Versión en español publicada el: 12 de marzo de 2020

Por Martin Robra*

Culto de clausura en el anochecer del 13 de marzo de 1990: Los participantes de todos los continentes y sus anfitriones de las iglesias de la República de Corea celebran los resultados de la Convocación Mundial sobre Justicia, Paz e Integridad de la Creación que tuvo lugar en Seúl durante una semana.
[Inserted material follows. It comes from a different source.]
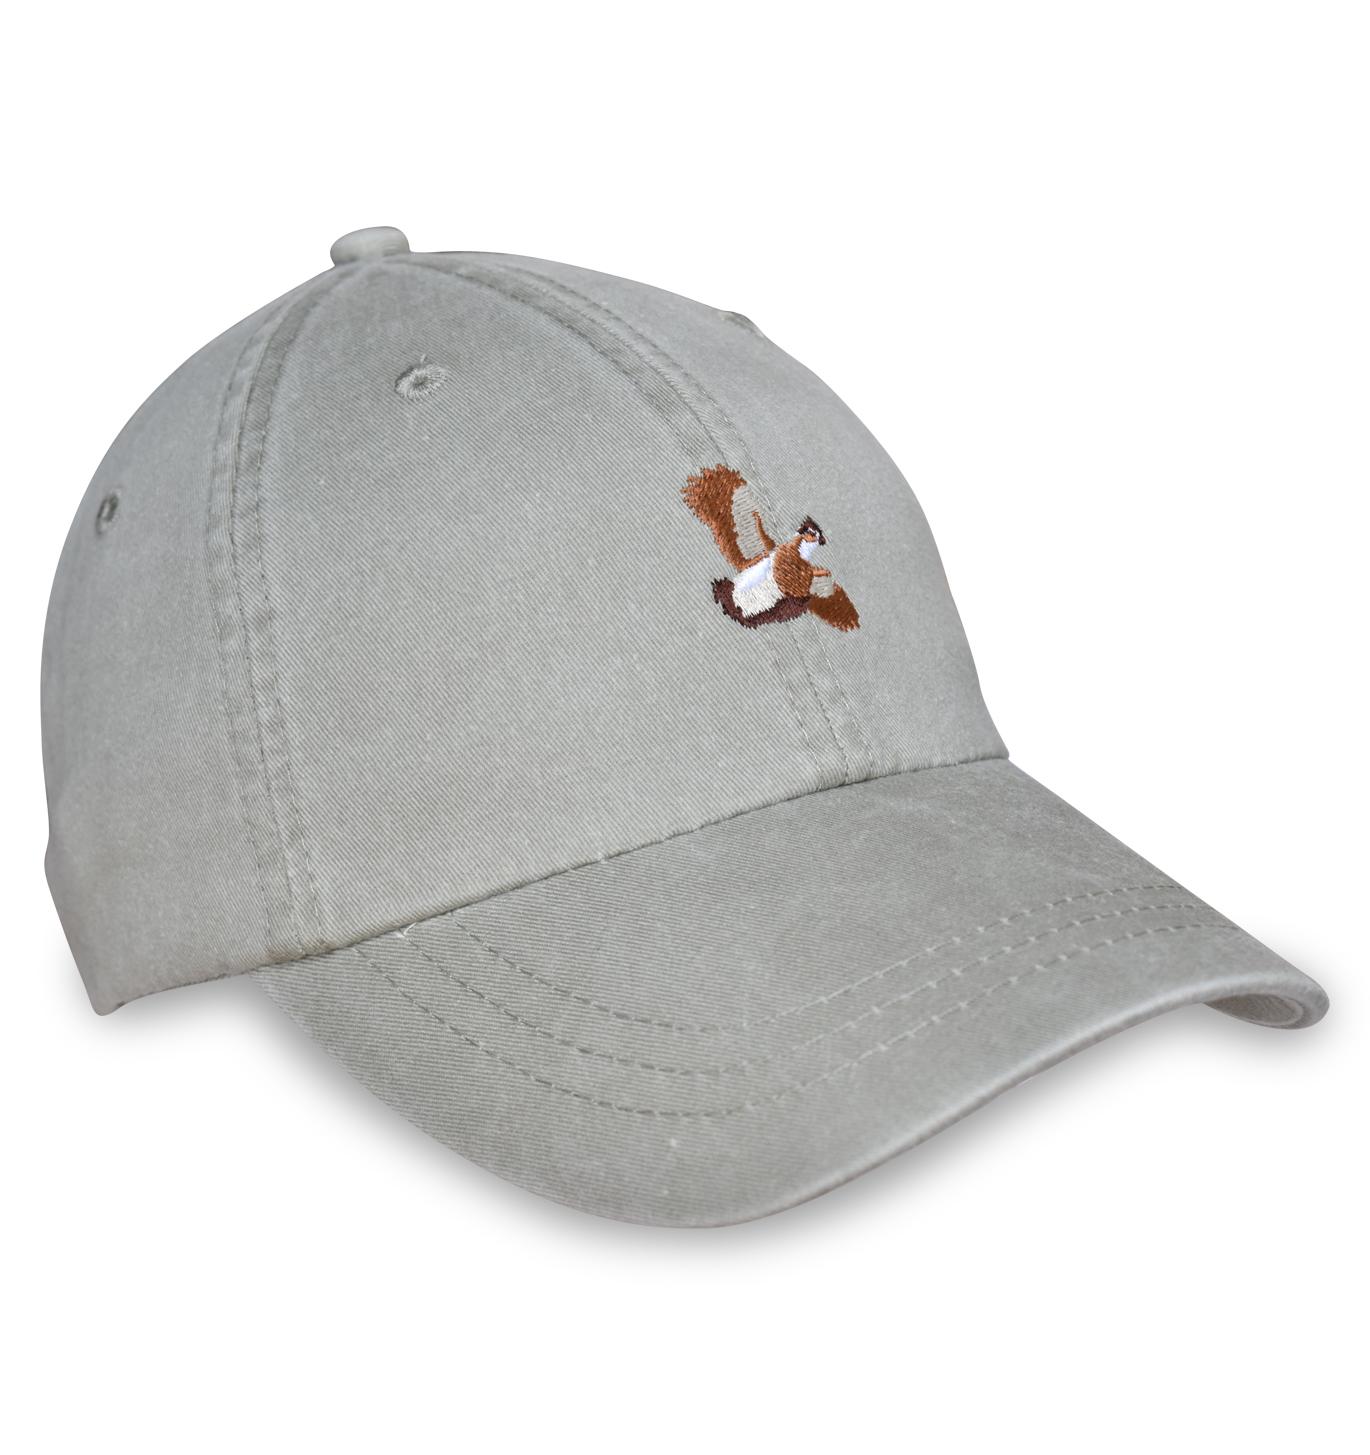 Quail Sporting Cap - Stone

En ese culto se congregaron en torno a una cruz y un gran globo que representaba el planeta Tierra, hogar vulnerable de la humanidad.  Luego, pusieron las manos en el globo como señal de reconciliación, sanación y bendición, sosteniéndolo juntos en un equilibrio frágil.
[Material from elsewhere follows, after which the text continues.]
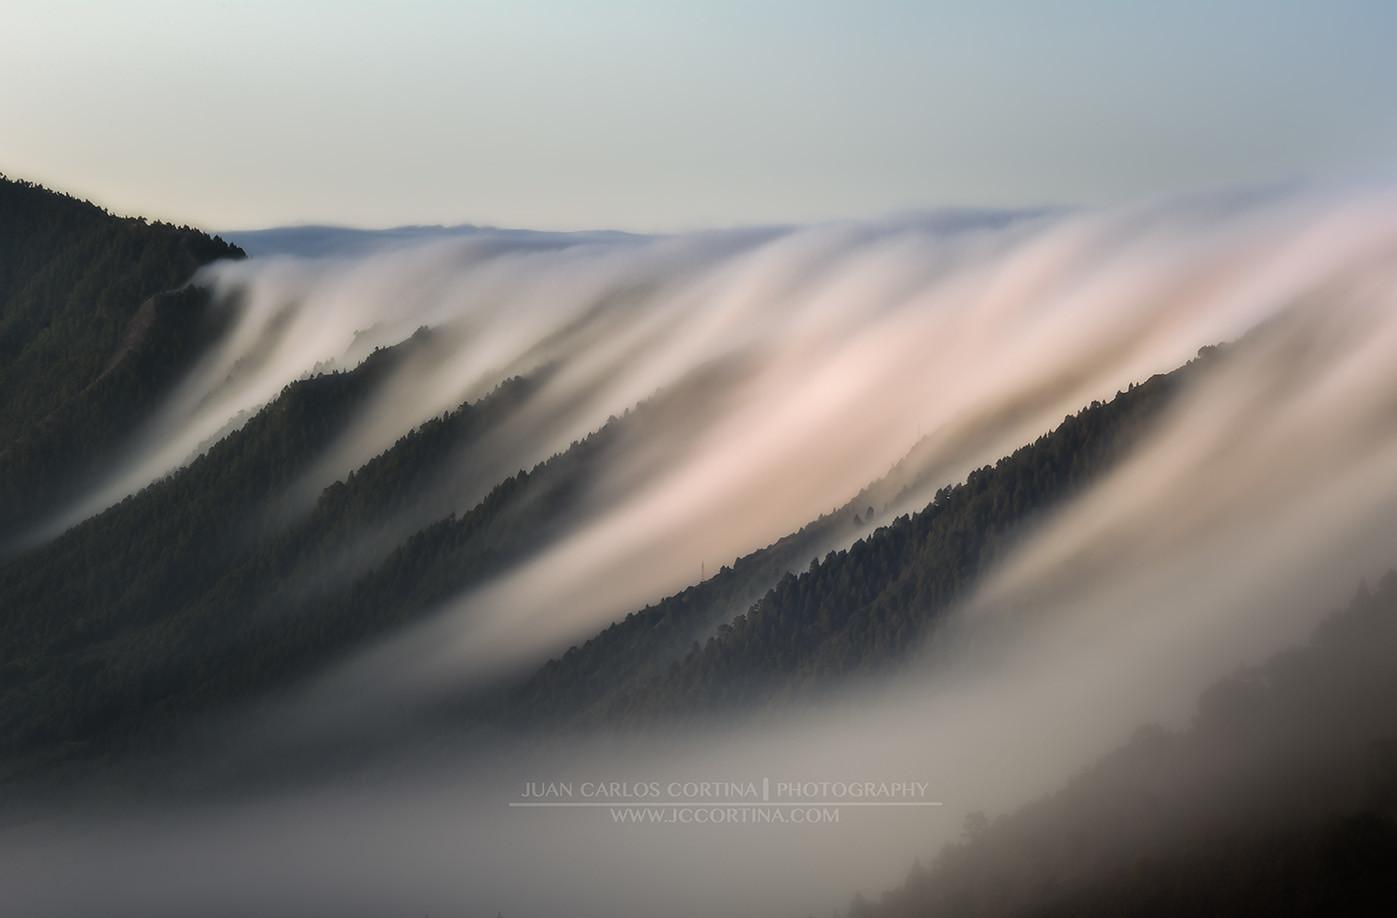 la cascada de nubes de La Palma

Días antes, habían trabajado duro en la redacción del mensaje final que contenía cuatro pactos y diez afirmaciones, fruto de un proceso plenamente participativo. A pesar de todas las diferencias y tensiones que reflejan la injusticia, la violencia y el quebrantamiento del mundo, lograron llegar a un texto común y en el culto de clausura se comprometieron juntos con esos pactos y afirmaciones.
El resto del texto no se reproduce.